As if it were for the first time, Greg walked into her kitchen and looked oddly around. It was like everything seemed different to him now, as if Bill being in this little house last night had irreparably adulterated the sacred place where he had fallen in love with Brooke. As he sat at the dining table, Brooke began brewing the last of the coffee he had given to her.
As the percolator began burbling, Brooke sat down beside Greg. When he looked into her eyes, for the first time ever she saw a sense of pain there that she was quite unable to describe. It was a hurt, a longing to somehow go back in time and erase what had happened here last night. But such pining was of no use, and they both knew it.
“That was him, yesterday, wasn’t it?” Greg asked, his voice shaking a bit. “That was Bill.”
Brooke closed her eyes and nodded. “Yes,” she answered quietly. “His officer’s training is over, and he’s on his way to Europe.”
“Do you still love him?” Greg asked. “Or has your time apart from him changed your heart?”
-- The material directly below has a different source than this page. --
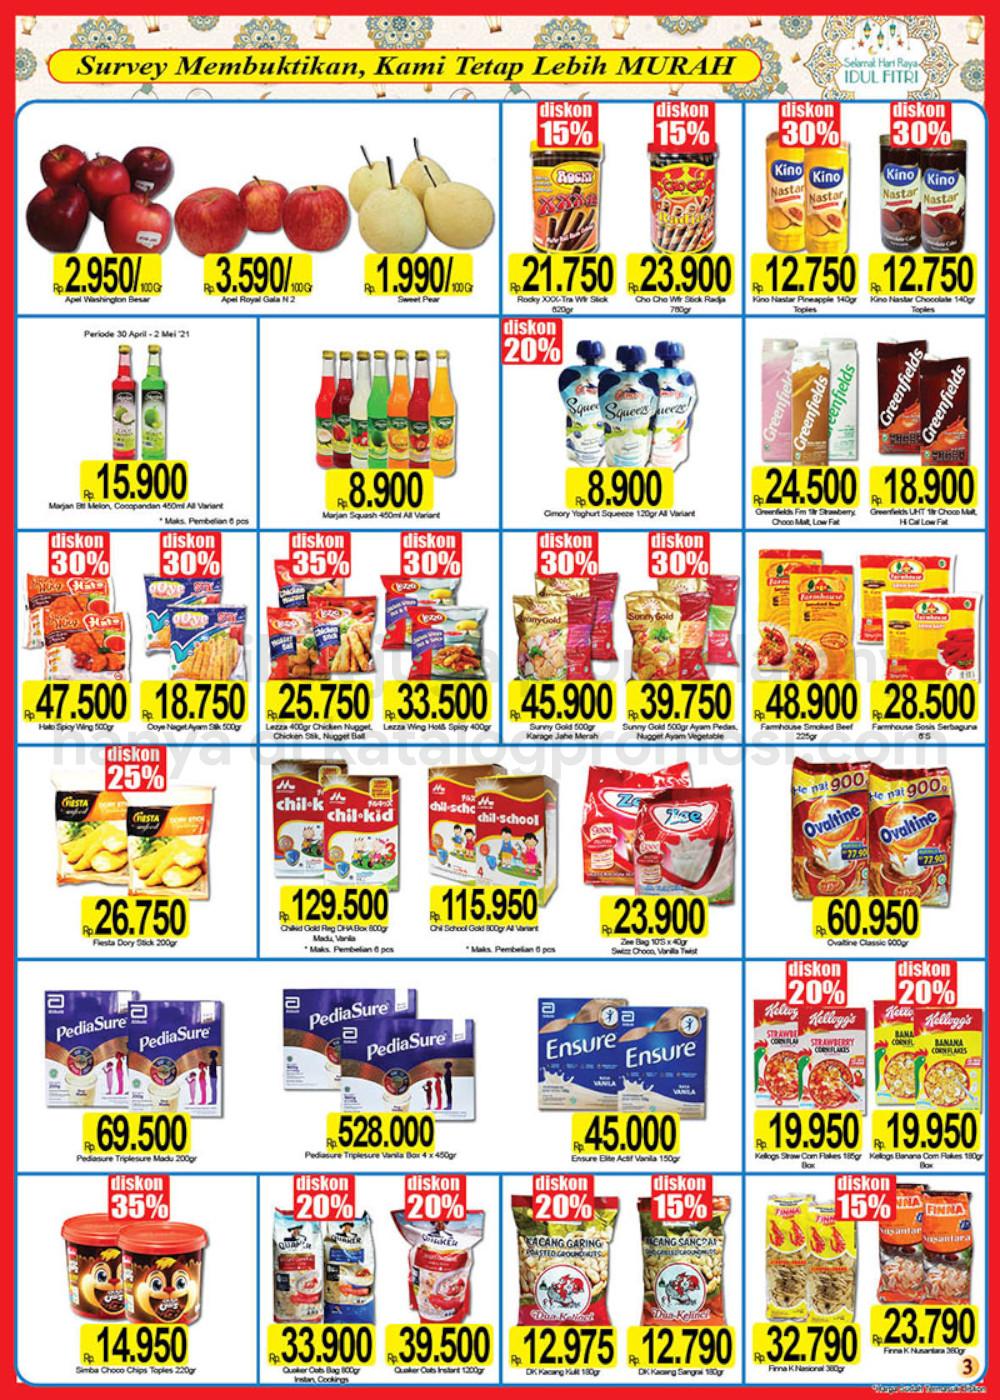 Katalog Promo NAGA SWALAYAN Terbaru Periode 25 April - 16 Mei 2021

Brooke wiped away a tear. “I still love him,” she answered. “I know that’s hard for you to hear, and I’m sorry.”
“And you made love . . . ,” he said quietly.
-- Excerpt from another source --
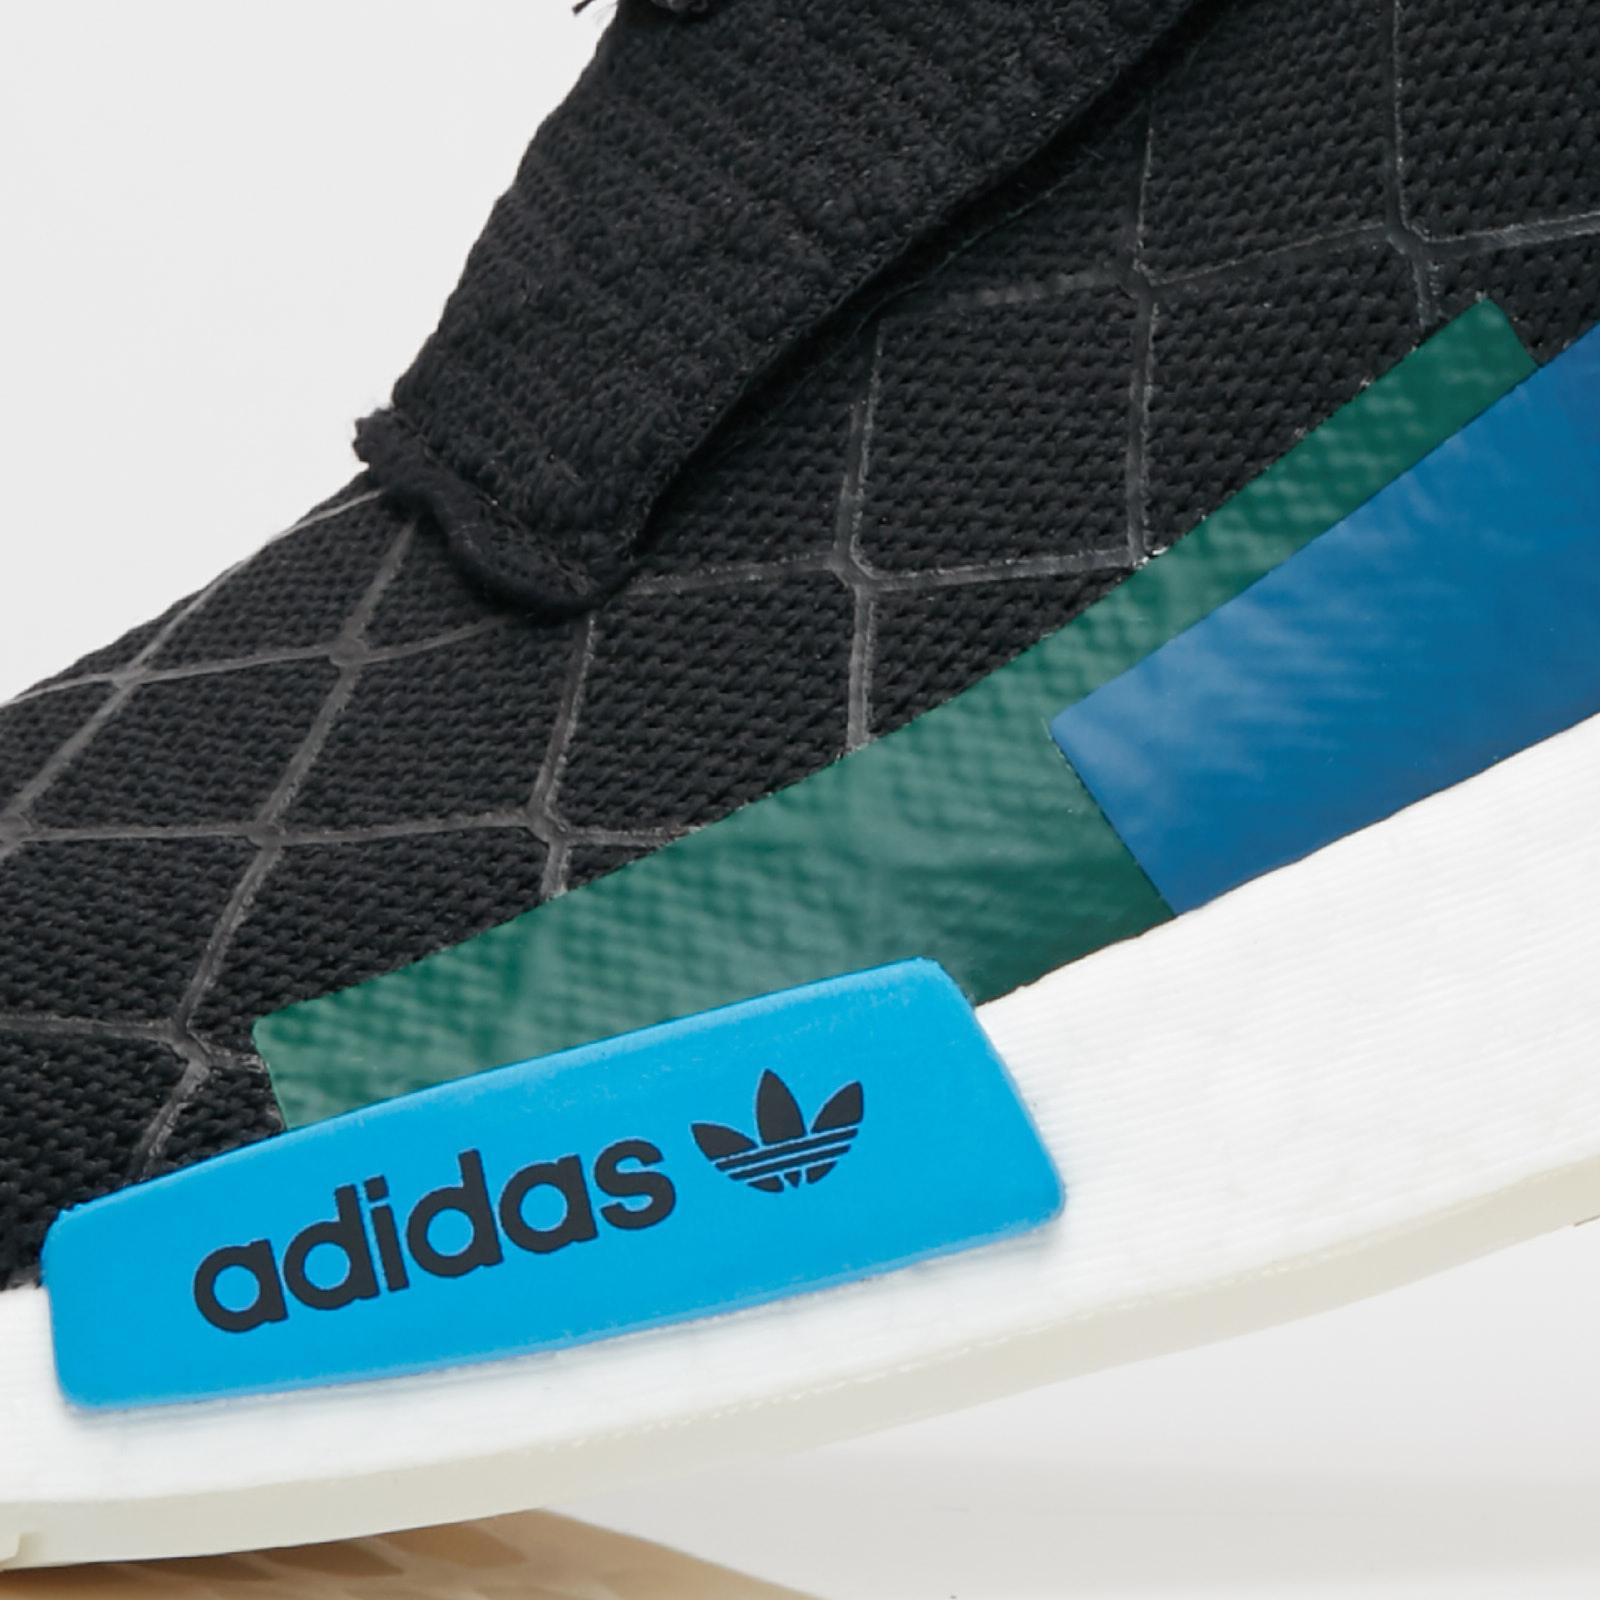 Sneakers Mita Seeulater Seeulater Sneakers Mita Adidas Adidas qqvrFanC5w

Brooke looked down at her hands. “Yes . . . ,” she answered.
Greg closed his eyes for a moment. When he opened them, they too had become shiny with tears.
“Did you look upon him last night the same as you do me?” he asked.
Unsure of Greg’s meaning, Brooke shook her head. “What . . . what are you talking about?” she asked.
“When you looked at him, was it the same as when you look at me?” Greg repeated. “Or did it feel different?”
As Brooke considered Greg’s question, her expression saddened. “It was different . . . ,” she finally answered.
“How so?” he asked.
“I looked upon him with more love than passion,” she answered, her own words surprising her. “But I look upon you with more passion than love. God forgive me, but I do.”